Изменить размер шрифта - +
Дело в том, что попытка нагнуться за спущенными штанами приводила сначала к шатанию, а затем и к падению. Вся эта радость именовалась замечательным словом «дизентерия», и провалялся я чуть не месяц беспомощным. Не припомню, чтобы так плохо когда-нибудь было прежде. Правда, видели меня в том состоянии немногие. В отличие от больных солдат я мог позволить себе находиться в отдельном помещении.

Ага! Обнаружилась обувка, где ей и положено стоять. Засунул в нее босые ноги и осторожно поднялся. Ух ты! Получилось. Да я герой сказаний, свершивший подвиг. Теперь войду в легенды! Цепляясь за стеночку и чувствуя себя столетним стариком, проковылял к двери. Толкнул и невольно зажмурился от бьющего в лицо света. Любые строения в крепости делались тяп-ляп — главным на тот момент было хоть как-то обустроиться. Потому никаких высоких крылец, резных перил и множества ступенек. Кроме меня, все и вовсе в общих бараках обретались. По крайней мере, так было до моей болезни. Отсюда большое облегчение — один шаг вниз, и, не упав, я оказался снаружи. Чей-то возглас по соседству. Явно заметили. Шаг, замер, выравнивая равновесие, еще один.

— Что вы себе позволяете! — вскричал негодующий голос, и маленькая твердая рука ухватила за плечо.

— Я решил погреться на солнышке, мадам Смит, — доложил смиренно. С Арлет станется уволочь назад в темное помещение. Больному ходить не положено. — Вон, на скамеечке посижу, ладно?

— Хорошо, — неожиданно согласилась она. — Но чтоб сидели — и больше никуда!

— Если вы со мной рядом побудете, — пробормотал, стараясь излишне не опираться на нее. Неудобно все же слабость перед женщиной проявлять, даже если она тебя уже видела во всех видах. Не настолько у меня отбило мозги, чтобы не помнить, кто за мной горшки выносил, да еще и подмывал. Хотя я бы это лучше забыл навечно. — Хорошо-то как, — сообщил, подставляя лицо под тепло солнца. И на всякий случай доложил: — Уже почти нормально себя чувствую. Слабость, но пройдет через пару дней, если сытно кормить. Нельзя чего-нибудь вкусного?

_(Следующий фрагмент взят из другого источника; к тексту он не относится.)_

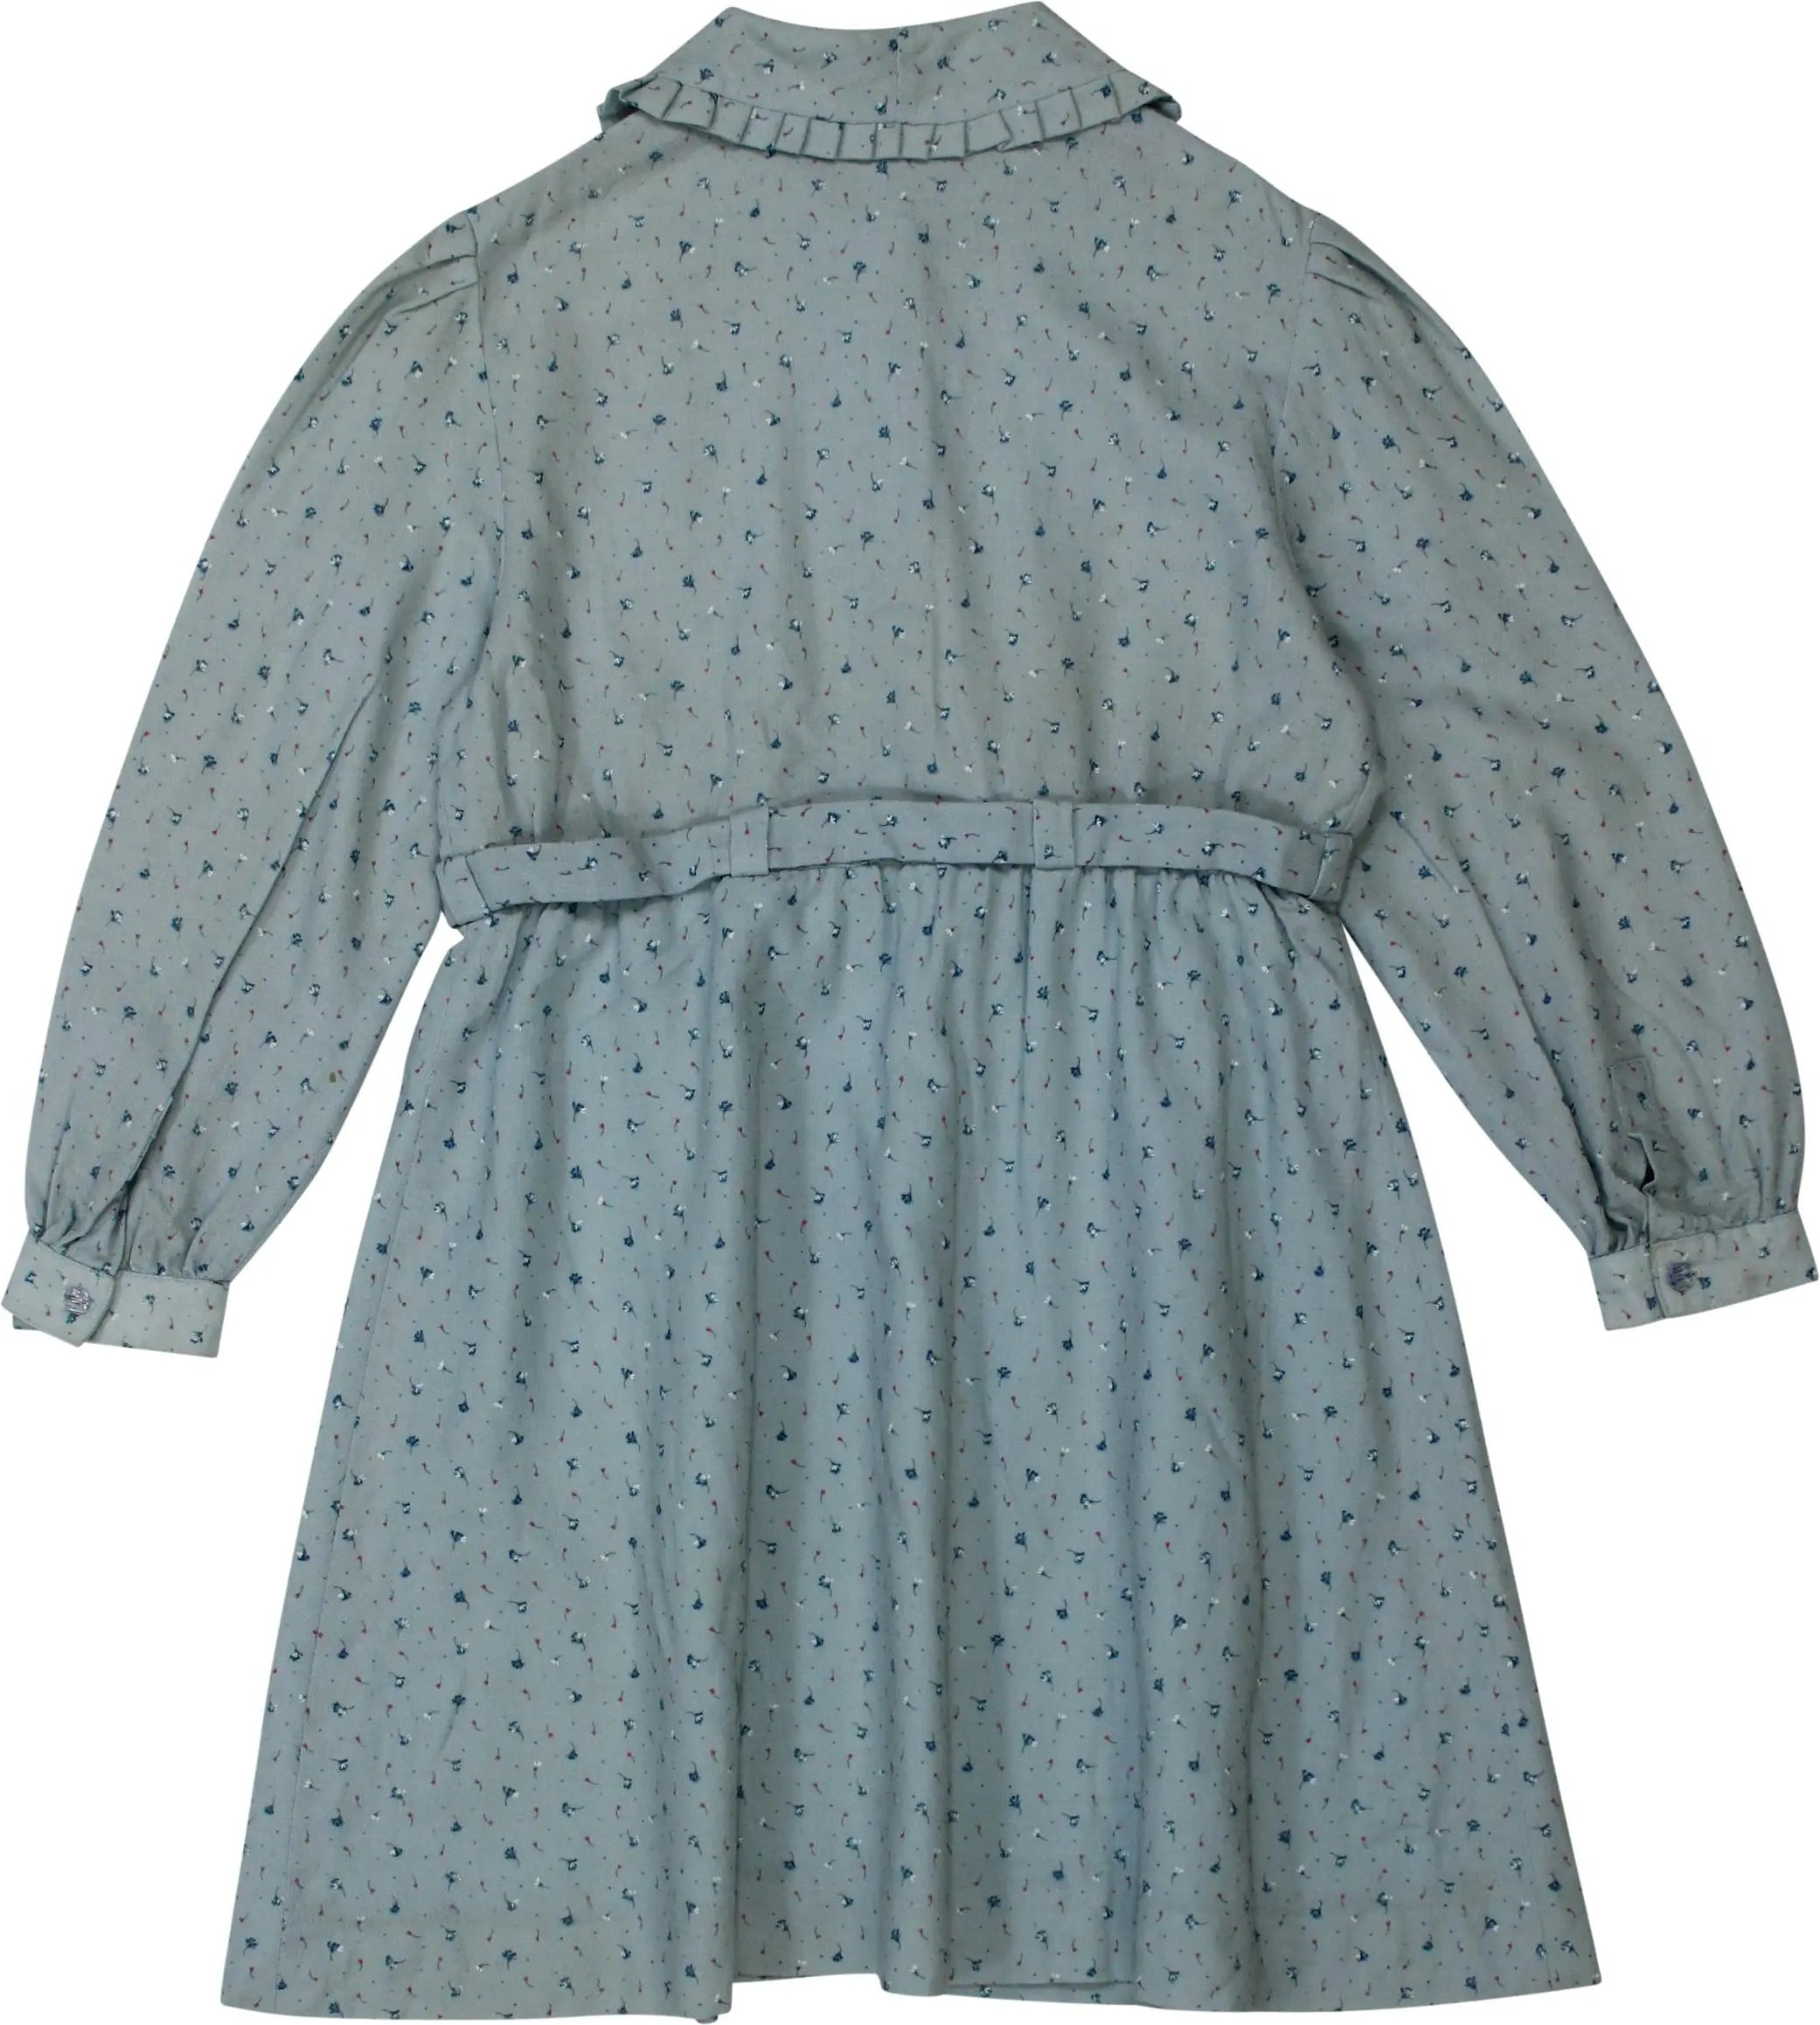 La Rosa - Blue Dress- ThriftTale.com - Vintage and second handclothing

— Нет, — решительно отрезала она, усаживаясь рядом, — ничего жирного, особенно мяса и рыбы, копченостей, бобов, овощей, пшена, ячменя. Если бы мы были в более приличном районе, отобрала бы молоко и все молочные продукты, а также сладости. Многие из этих продуктов еще тяжелы для желудка, а молоко и многие овощи подвержены брожению.

И тут мой живот в неподходящем месте издал не особо красивый звук.

— Извините, — покаялся смущенно. — Оно само.

— Вот-вот, — сказала Арлет определенно с усмешкой. — Можете сколько угодно считать себя выздоровевшим, однако, судя по происходящему, легкая дисфункция кишечника сохранилась. Возможен жидкий стул, а метеоризм прямо наблюдается. Я бы и солдата не выписала в таком состоянии.

— Увы, я слишком за многое отвечаю и не могу позволить себе лежать, даже при наличии… метеоризма.

Выдумают же слова, прямо сказать нельзя. Хотя женщине, наверное, неудобно выражаться.

— Обходились как-то ваши офицеры без мудрого руководства добрый месяц. Под вашим руководством научились жечь индейские поселки и уверенно продолжили применять практический опыт.

Как будто в том есть нечто плохое.

— Так что же мне можно кушать? — жалобно спросил, не пытаясь вступить в бессмысленный спор. Каждый должен заниматься своим делом. Она — лечить, я — отдавать подобные приказы. Другого варианта прекратить эту войну не существует.

— Сухарики, — сообщила, запнувшись.

Видать, сбил с очередного монолога о милосердии и добре. И ведь не наивная девочка, повидала кой-чего в жизни, а сразу заводится.